Baca juga: ISEI Hadiahi Pemerintah Buku Putih Solusi Tantangan Ekonomi Indonesia
Perry mengatakan, sebagai sebuah organisasi yang yang telah berusia 64 tahun, ISEI berkomitmen untuk terus berperan dan berkontribusi dalam pembangunan ekonomi nasional. Hal itu sesuai dengan tiga manifesto ISEI yang dicanangkan para pendiri ISEI.
”ISEI akan mengambil peran positif untuk kemajuan kesejahteraan masyarakat, mengembangkan ilmu ekonomi, dan menyampaikan pemikiran-pemikiran ekonomi yang sejalan dengan falsafah Pancasila,” ujarnya.
Modal sosial
Dalam konferensi BMEB ke-13 di Bali, salah satu poin yang terungkap dalam pengembangan ekonomi digital adalah pentingnya mengelola modal sosial. Modal sosial itu dimiliki negara-negara maju dan berkembang. Jika dikumpulkan dan dikelola dengan baik, modal sosial menjadi sumber pendanaan di berbagai sektor.

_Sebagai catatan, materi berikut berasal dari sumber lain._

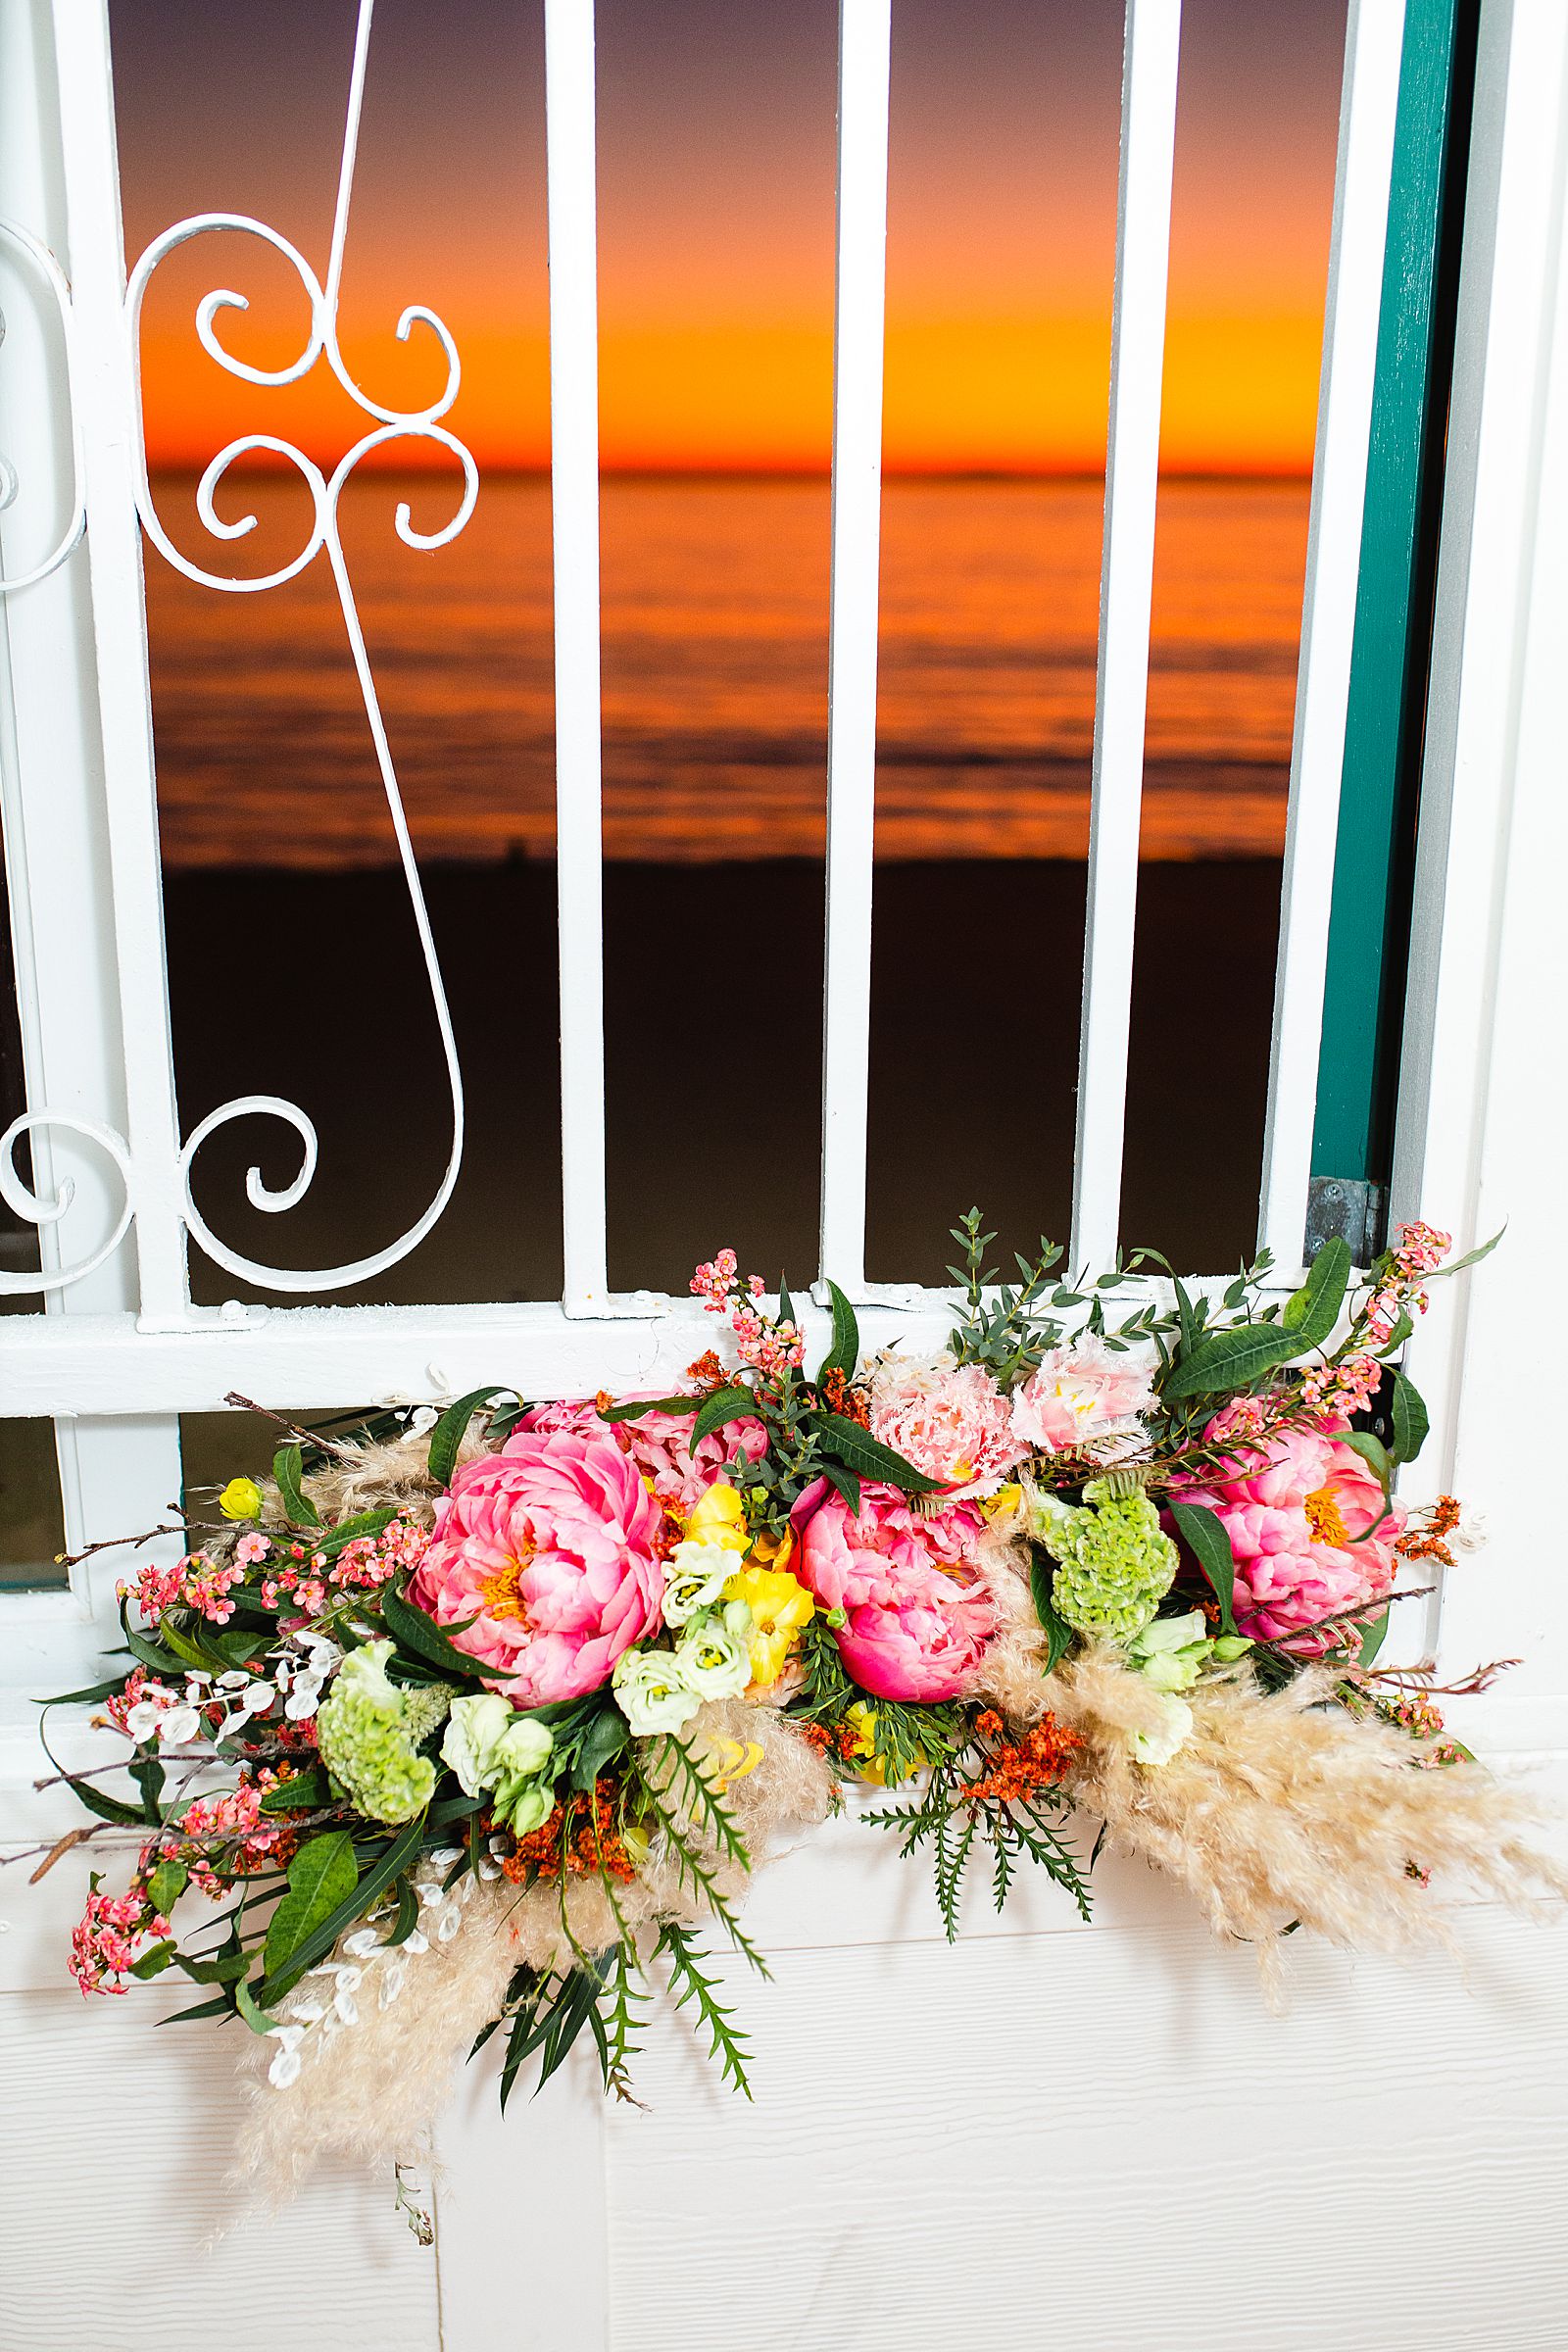 Reception Details | Wedding Dinner Details | Wedding Photographer | California Wedding | Newport Beach Wedding Reception | Bridal Bouquet
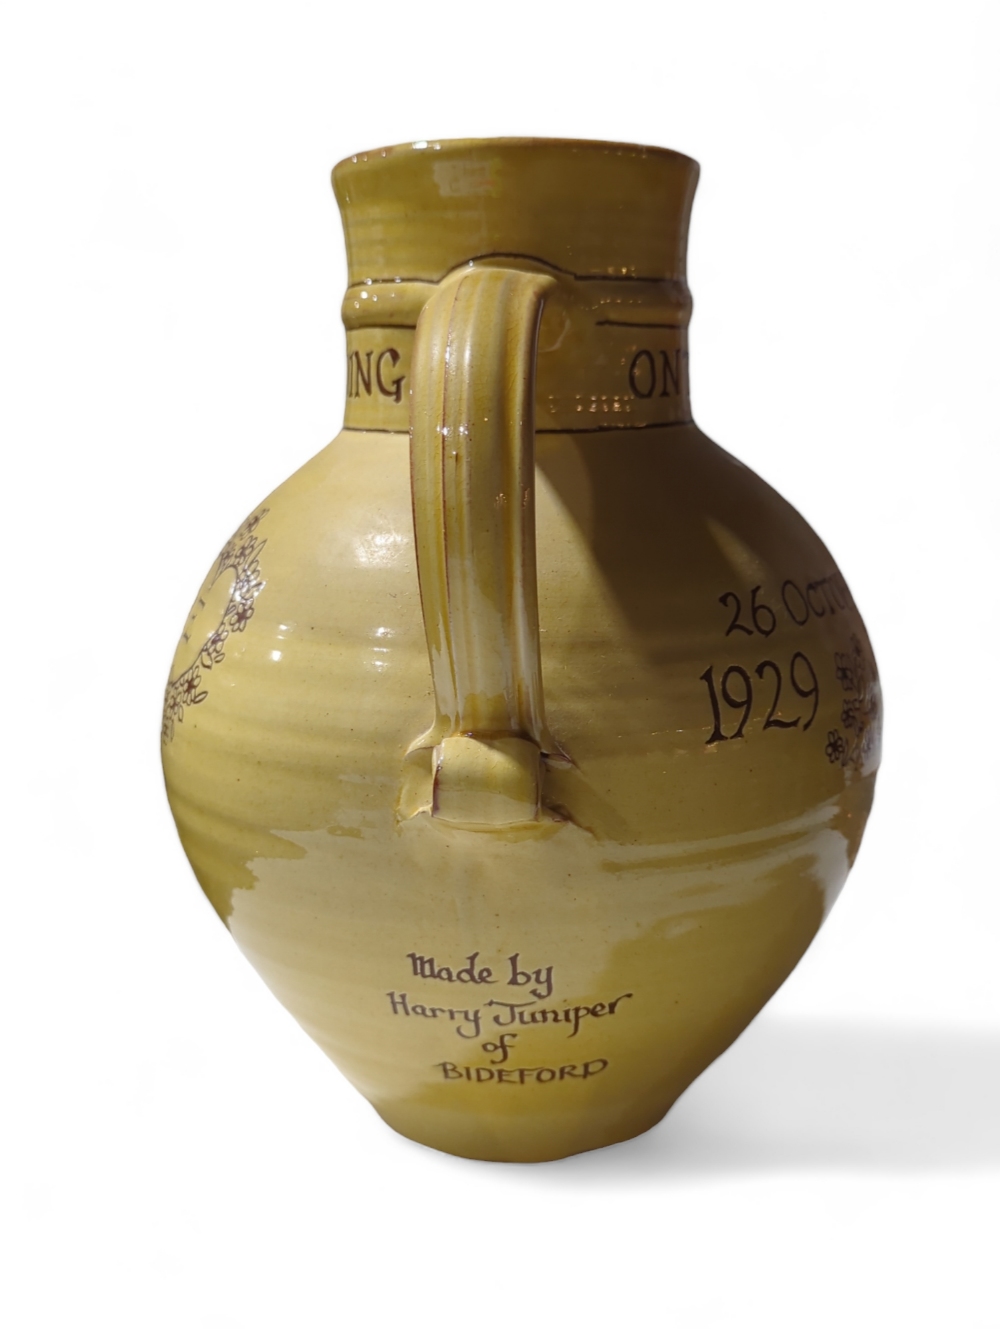 A Golden Wedding celebration jug, terracotta with - Image 3 of 4

Ekonom dari Universitas Fordham, New York, Amerika Serikat, Iftekhar Hasan mengatakan, modal sosial ini berakar dari budaya masyarakat. Kelompok masyarakat pasti memiliki sikap saling membantu satu sama lain dengan berbasis kepercayaan.
Modal sosial ini bisa dikembangkan untuk menumbuhkan ekonomi daerah atau negara. Dalam konteks ekonomi, modal sosial yang berupa patungan dana atau sumbangan dapat dikelola dengan baik dan terarah guna meningkatkan ekonomi.
”Namun, hal itu perlu dikelola dengan hati-hati oleh institusi atau lembaga terpercaya. Di China, misalnya, modal sosial ini dikelola pelaku usaha tekfin pinjaman antarpihak (peer-to-peer lending/P2P) untuk membangun ekonomi regional,” katanya.
Melalui pengelolaan dana modal sosial, lanjut Hasan, gap atau kesenjangan antara masyarakat kaya dan miskin dapat dipersempit. Masyarakat kaya dapat memberikan dananya kepada tekfin P2P untuk menyalurkannya kepada masyarakat miskin. Namun, suku bunga pinjaman dalam pengelolaan dana sosial ini harus wajar atau tidak terlalu tinggi.